社会
源平合戦「逆落とし」に新説 義経、実は不参加?
源義経率いる騎馬軍が急坂を駆け降り、平氏の背後から攻め込んだとされる一ノ谷合戦の「逆(坂)落とし」。奇襲の場所が一ノ谷(神戸市須磨区)か鵯越(ひよどりごえ)(同市兵庫区)かで長く論争が続いているが、近年「義経は逆落としに加わっていなかった」とする「不参加説」が現れ、学界で主流となりつつある。論争を根底から覆す新説の登場に、地元からは「義経が参加しない逆落としなんて絵にならない」との声も聞かれる。(小川 晶)
戦術の奇抜さから“戦略家”義経の象徴とされる一ノ谷合戦の逆落とし。「一ノ谷説」と「鵯越説」があり、歴史愛好家らが公開討論会を開くなど論争を続けている。

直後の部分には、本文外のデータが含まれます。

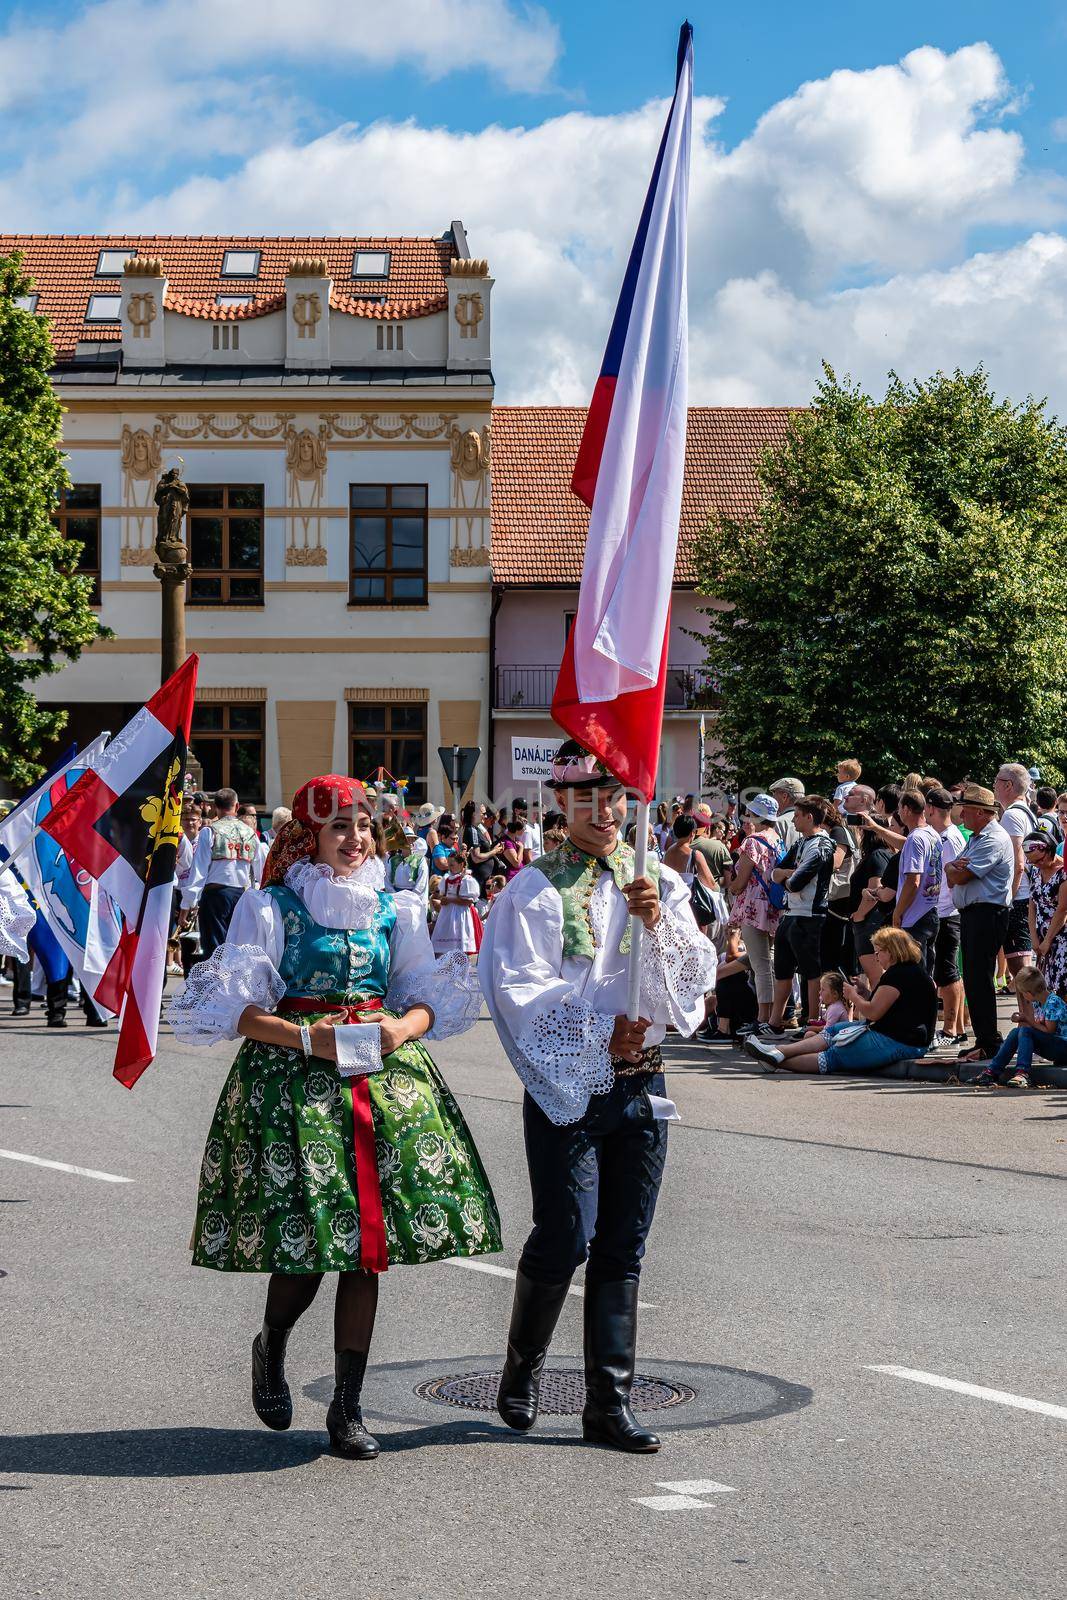 A boy and a girl carry the Czech flag in a procession by rostik924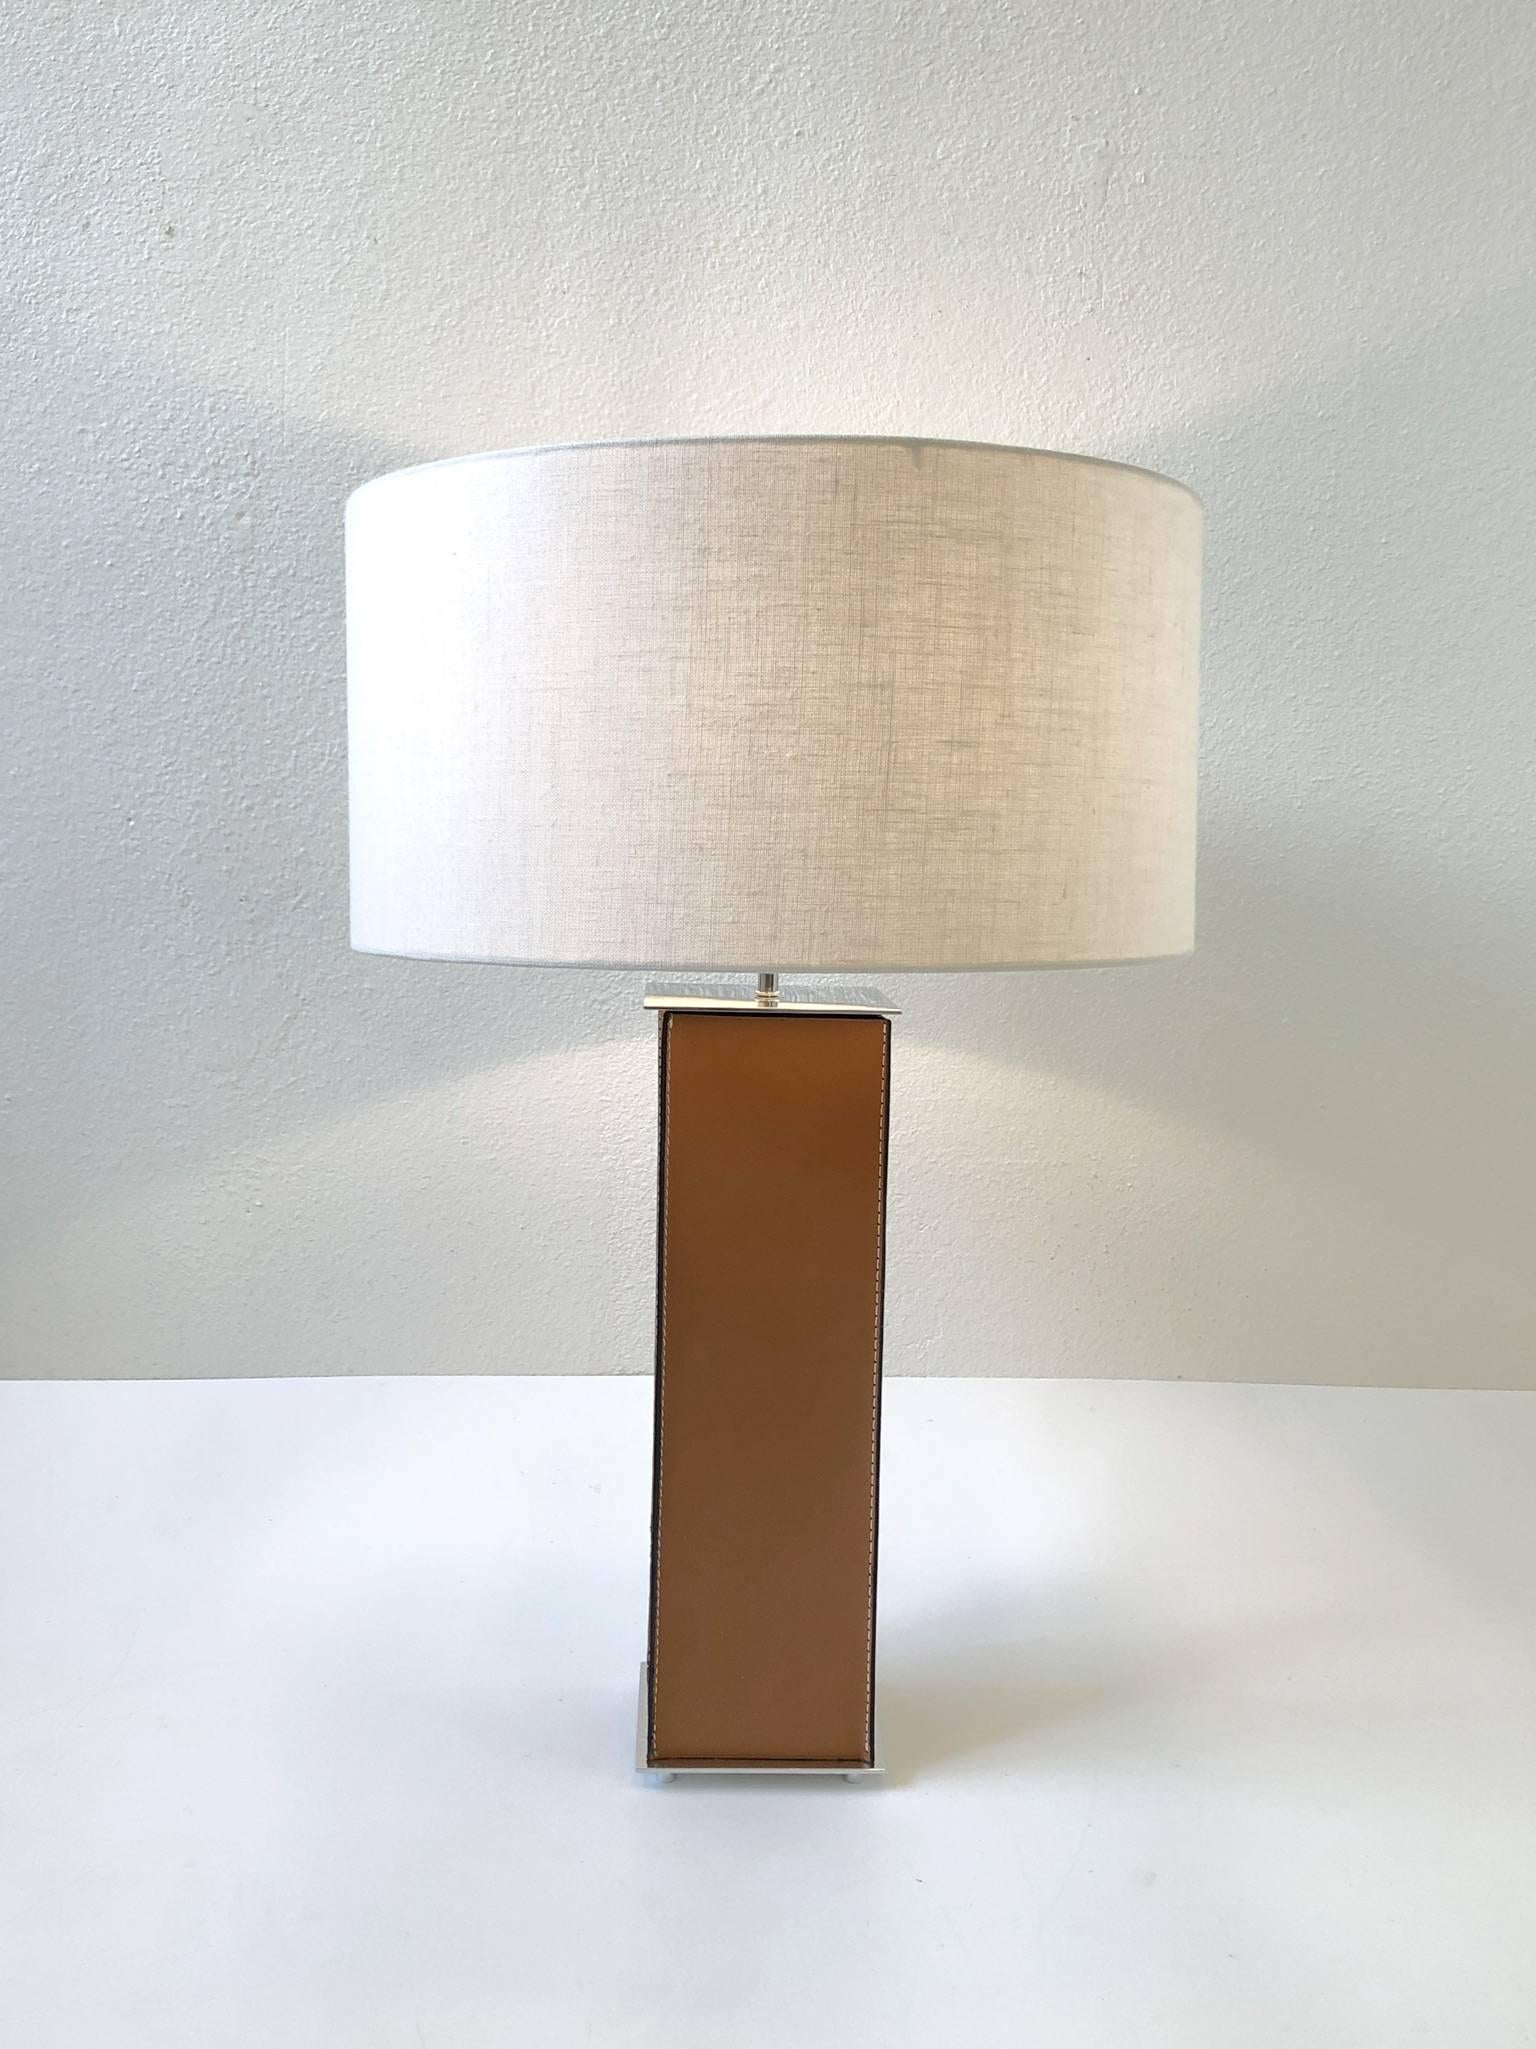 Pair of Saddle Stitch Leather Table Lamps by Laurel 1

2説があるのは、軍記物「平家物語」で逆落としの起点が「一谷のうしろ鵯越」と表現され、どちらから攻め込んだかはっきりしないため。一方で、奇襲をかけたのが義経という点で両説はおおむね一致している。
ところが、滝沢秀明さんが主演した2005年のNHK大河ドラマ「義経」を機に人物像の再考が進み、義経が海沿いの山陽道を西から攻め込んだとする「逆落とし不参加説」が現れた。義経軍が二手に分かれ、配下の多田行綱が別動隊となって逆落としを実行したとする説で、貴族の日記「玉葉(ぎょくよう)」の記述に基づく。
源平合戦史を専攻し、「不参加説」の著作を07年に発表した川合康・日本大教授は「玉葉は、合戦直後の記述で信頼性が高いが、平家物語は、鎌倉時代に成立した作品で脚色も多い」と説明。元木泰雄・京都大教授(中世史)も「平家物語では行綱は悪役。逆落としが義経の功績にすり替えられた可能性がある」と指摘する。
義経の参加を前提に論争を続けてきた地元関係者の反応はさまざまだ。「鵯越説」の立場で著作を執筆中の梅村伸雄・兵庫歴史研究会顧問(76)は「多少の肉付けがある平家物語だが、義経を無理やり“主役”に仕立て上げた、というのは飛躍しすぎ」と反論する。
一方、05年の討論会で梅村顧問と議論を交わした「一ノ谷説」の三浦真厳・須磨寺正覚院住職(78)は「非常におもしろい説」と肯定的に受け止める。「全国的に有名な逆落としだが、神戸がゆかりと知る人は少ない。新説が出て注目が集まるのならば、それはそれでいい」と話している。